Experiment 3 aimed to test if MAPS is influenced by a particular form of decision bias. In particular, if observers always choose the candidate that appears to be in the middle of the range (or the average) of candidate stimuli on a given trial, they would on average tend to select the correct target. The experimental setup was the same as in previous experiments. However, in some randomly interleaved trials, a fixed offset was either added or subtracted to all the candidate stimulus sizes, including to the target. This effectively shifted the distribution of stimulus values. Critically, we did not add this shift to the independent variable in the MAPS model. Thus, if an observer were to always choose the average candidate, they would now select a candidate that was also either larger or smaller than the reference. Because the shift is not included in the MAPS model, the estimated perceptual biases in this case would remain unchanged. Conversely, if observers adjusted their choice based on their actual percept, the estimated perceptual bias should shift to counteract the fixed offset. Our analysis was deliberately designed such that evidence for an effect of the shifted distributions supports the interpretation that MAPS measures perceptual experience. Because the main purpose of this experiment was to test the reliability of perceptual bias estimates, we focused our analysis on this parameter. Additionally, to further test the effects of feedback, we conducted two experiments, with (Experiment 3a) and without (Experiment 3b) feedback. Based on Experiment 2, providing feedback should counteract the effects of artificial shifts due to participants actively correcting for their perceptual biases, but we should see the full effects of the artificial shifts in Experiment 3b without feedback.
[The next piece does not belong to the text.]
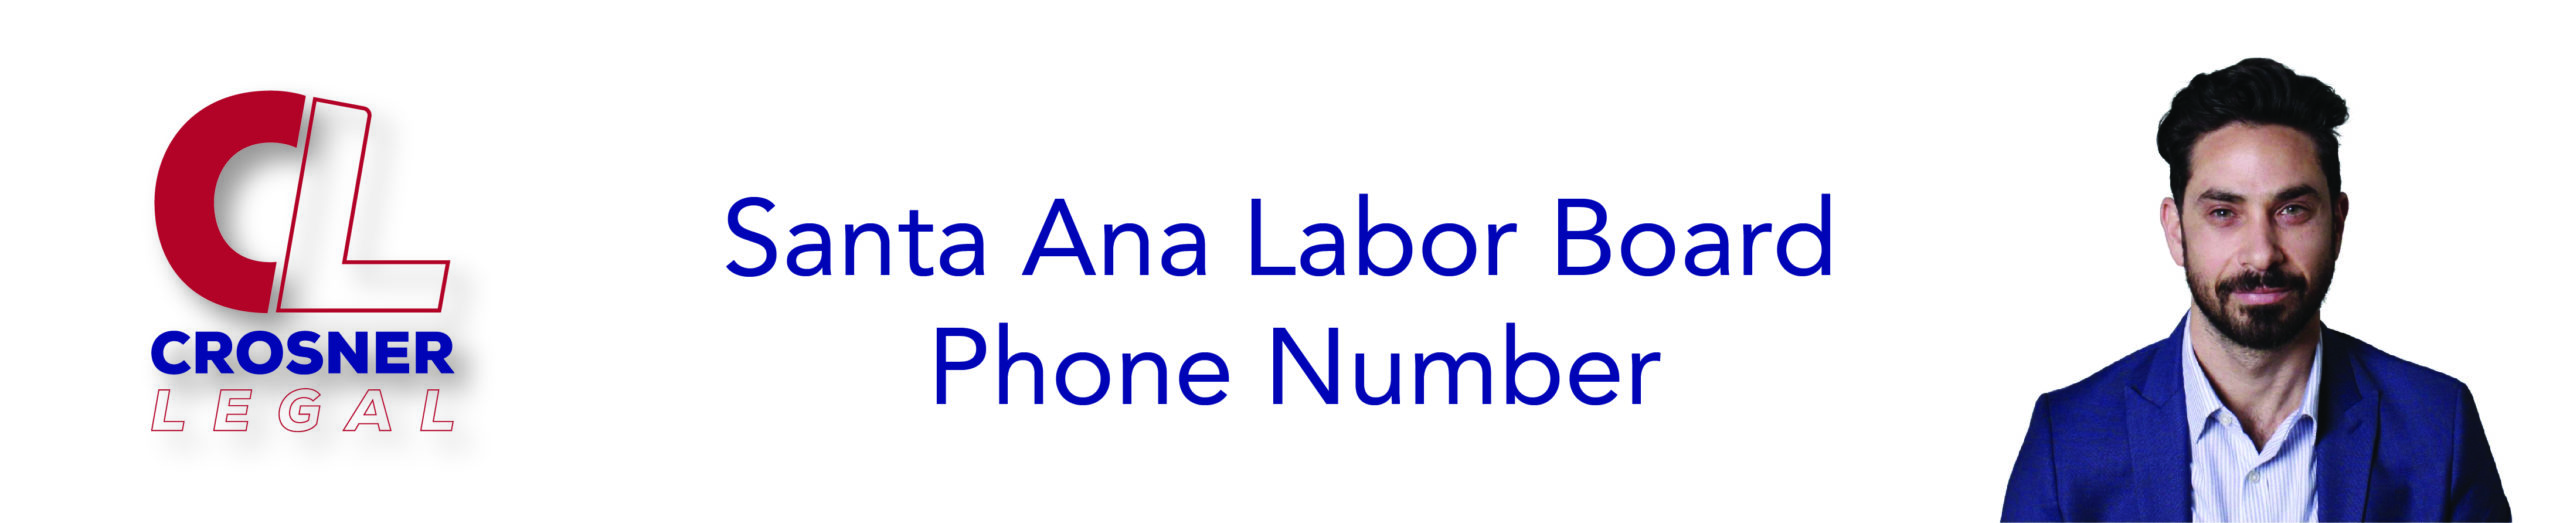 Santa Ana Labor Board Phone Number

Both Experiments 3a and 3b had five observers (3a: two authors, three female, ages 21–38 years; 3b: one author, four female, ages 26–36 years). All observers were healthy and had normal or corrected-to-normal vision. These relatively small sample sizes were justified because this was a conceptual (but simpler) replication of the experiments shown in the Supplementary Information (Experiments S1 and S2) with larger sample sizes. Moreover, in addition to group-level inferential statistics, we also tested the significance of the difference in perceptual biases for each participant separately.

Stimuli and procedure

The stimuli and procedures were the same as in Experiment 1, except as described below. There were three stimulus conditions: In a third of trials, the size of three of the candidates was chosen from a logarithmic Gaussian distribution centred on zero, as in previous experiments. In the other two thirds of trials, the sizes of the four candidate stimuli was reduced/enlarged by subtracting/adding a constant 0.05 log units. This means that the ‘target’ stimulus that would otherwise have been equal to the reference now had a diameter of 0.95° or 1.01° visual angle, respectively. However, the analysis ignored the changes in the candidate stimuli.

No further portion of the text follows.